Настроение, царившее на том памятном собрании, заразило все студенчество. Об этих событиях горячо спорили и атейтининки из нашего министерства. Примерно в эти дни в студенческой газете «Представитель социалистов» появились пародии на гимн атейтинников и студенческий гимн «Гаудеамус». Вместо слов гимна атейтининков «Кто ж нам лучи золотые дает?» было «Кто ж нам объедки и крошки дает?». Не знаю почему, у атейтининков из моего отдела закралось подозрение, что эти пародии написал я. По правде говоря, пародии мне понравились; я даже их переписал для себя.

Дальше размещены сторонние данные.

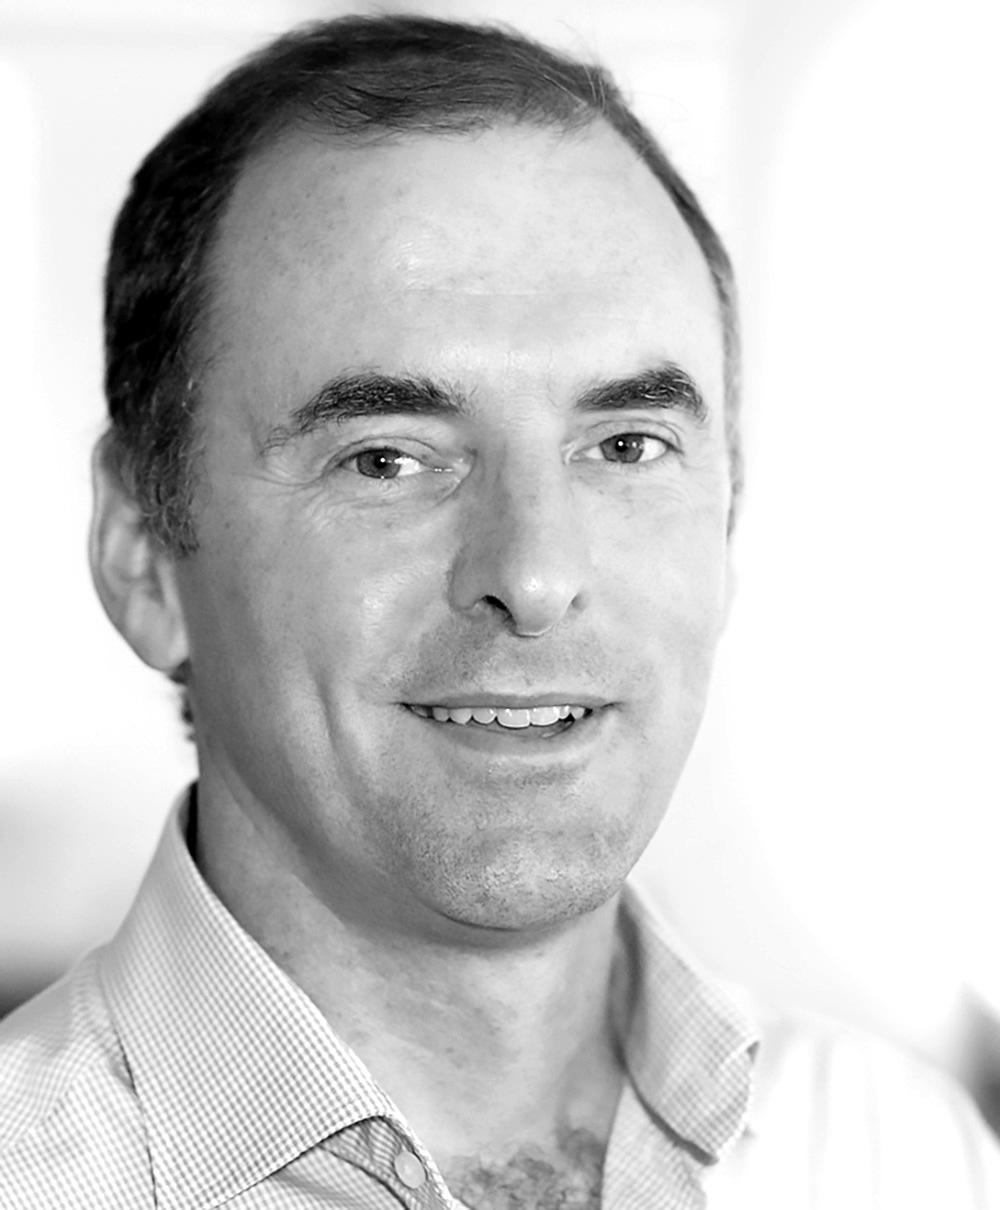 Headshot of Stephen O'Brien

Может быть, эти мои записки попали в руки соглядатаев и возбудили подозрение. Вскоре меня вызвал директор — атейтининк Вайнаускас — и заявил, что я могу подать прошение об уходе с работы: в министерстве нет места «для врагов государства и церкви». Врагом государства я себя не чувствовал, однако в тот же день составил прошение, и назавтра меня уже не было в министерстве. Ни в собрании, ни в драке я не участвовал (правда, это произошло случайно), но стал для кого-то козлом отпущения.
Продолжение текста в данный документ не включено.